Many bacterial pathogens strictly rely on the activity of type III secretion systems (T3SSs) to secrete and translocate effector proteins in order to establish infection. The central component of T3SSs is the needle complex, a supramolecular machine which assembles a continuous conduit crossing the bacterial envelope and the host cell membrane to allow bacterial effectors to gain entry into the host cell cytoplasm to modulate signal transduction processes. Disruption of this process impairs pathogenicity, providing an avenue for antimicrobial design. However, the molecular principles underlying T3 secretion remain elusive. Here, we report the first structure of an active Salmonella enterica sv. Typhimurium needle complex engaged with the late effector protein SptP in two functional states, revealing the complete 800Å-long secretion conduit and unravelling the critical role of the export apparatus (EA) subcomplex in T3 secretion. Unfolded substrates enter the EA through a hydrophilic constriction formed by SpaQ proteins, which enables side chain-independent transport, explaining heterogeneity and structural disorder of signal sequences in T3SS effector proteins.
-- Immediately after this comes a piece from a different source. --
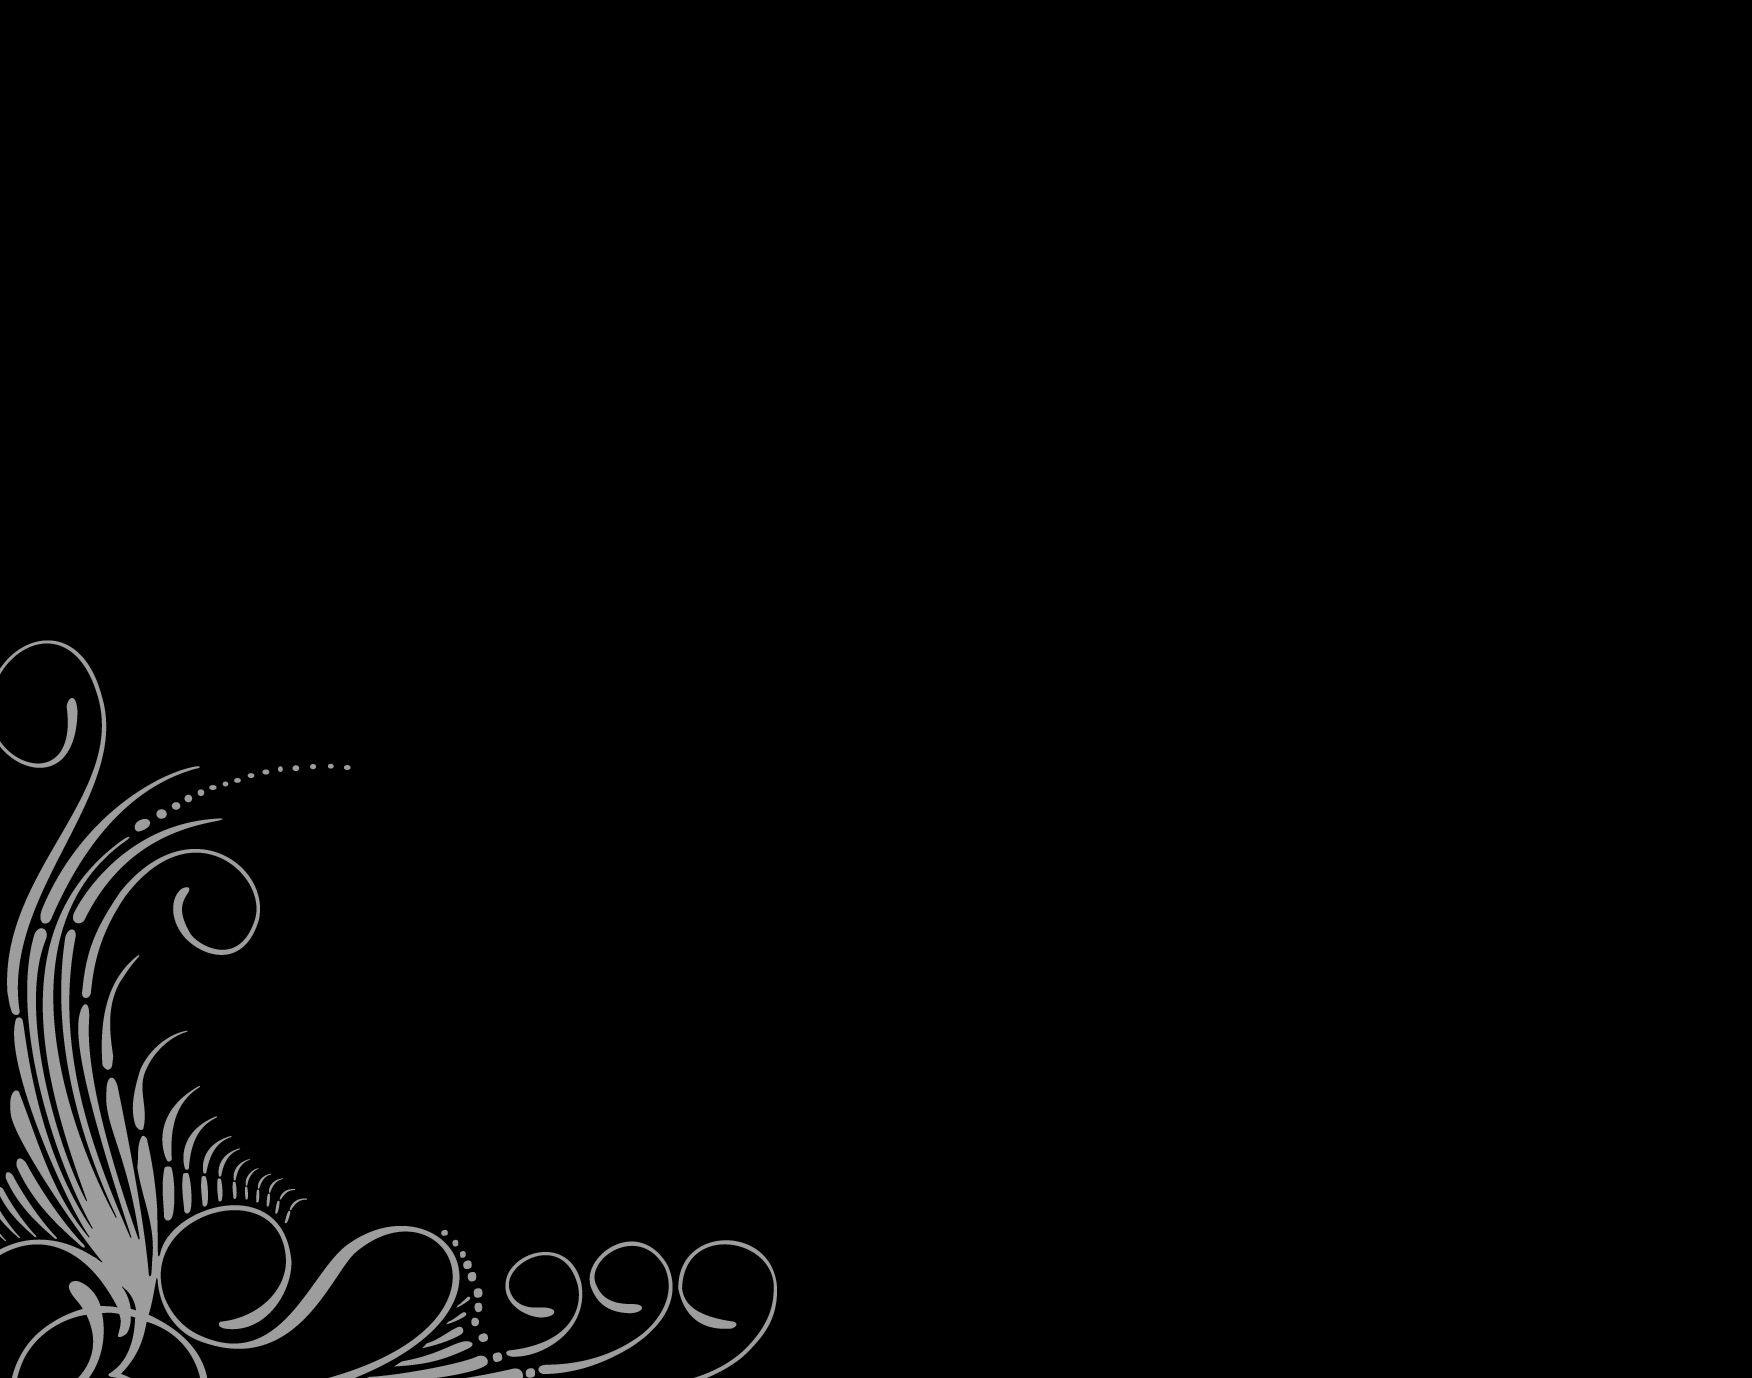 Elegant Black Border Ppt Backgrounds For Microsoft Powerpoint Cool Black Wallpaper Black Phone Wallpaper Background Ppt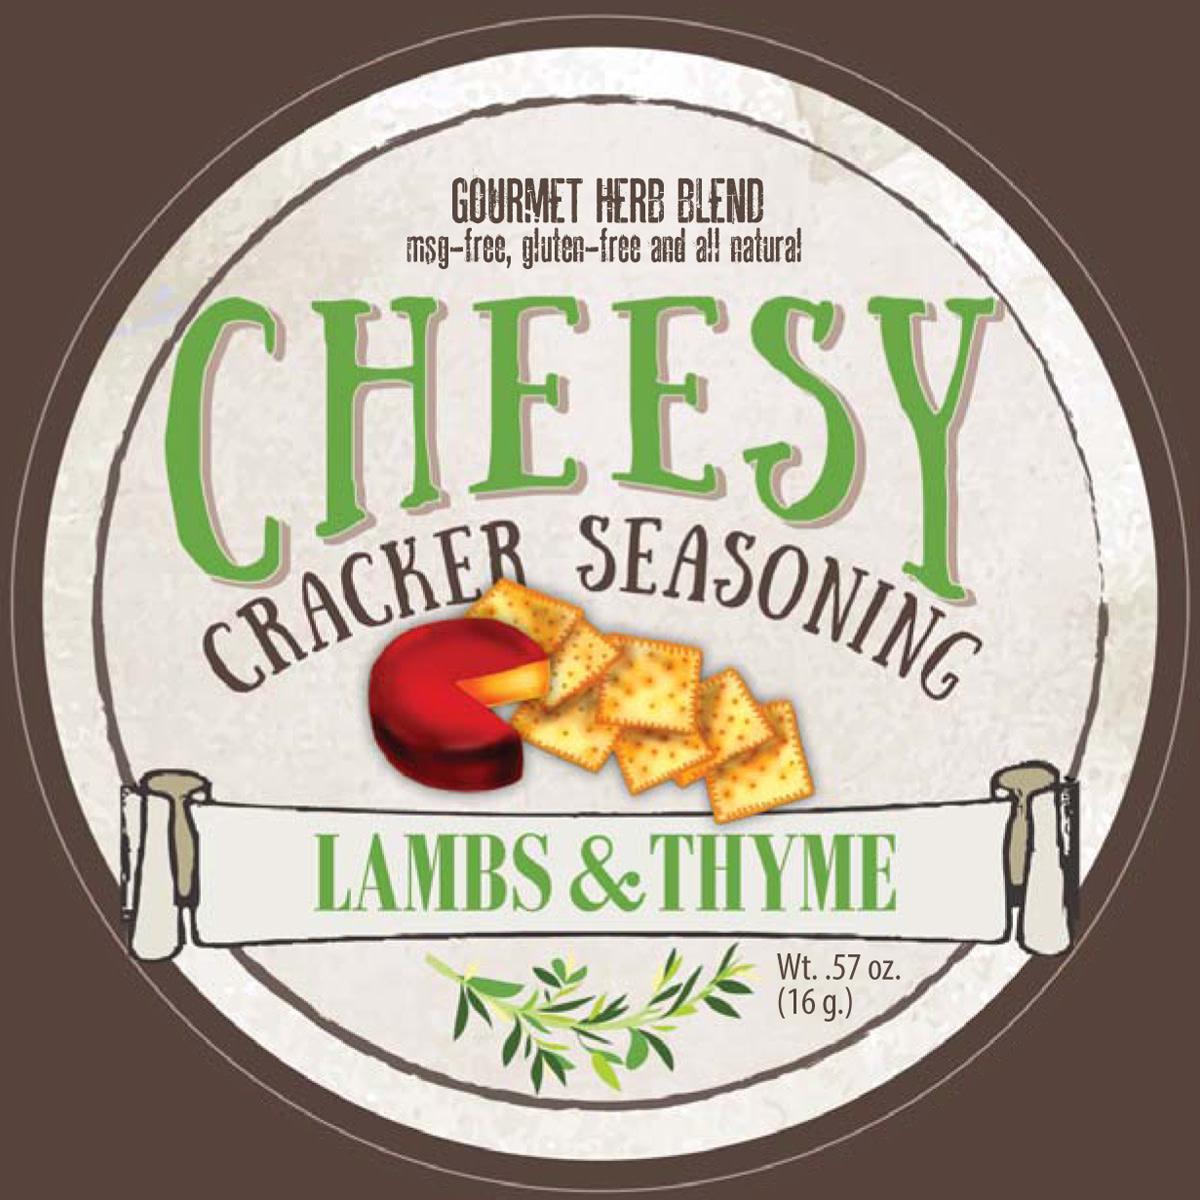 Lambs & Thyme Cracker Seasoning Cheesy

Above, a methionine gasket formed by SpaP proteins functions as a gate that dilates to accommodate substrates but prevents leaky pore formation to maintain the physical boundaries of compartments separated by a biological membrane. Following gate penetration, a moveable SpaR loop first folds up to then act akin to a linear ratchet to steer substrates through the needle complex. Together, these findings establish the molecular basis for substrate translocation through T3SSs, improving our understanding of bacterial pathogenicity and motility of flagellated bacteria, and paves the way for the development of novel concepts combating bacterial infections.

Competing Interest Statement

The authors have declared no competing interest.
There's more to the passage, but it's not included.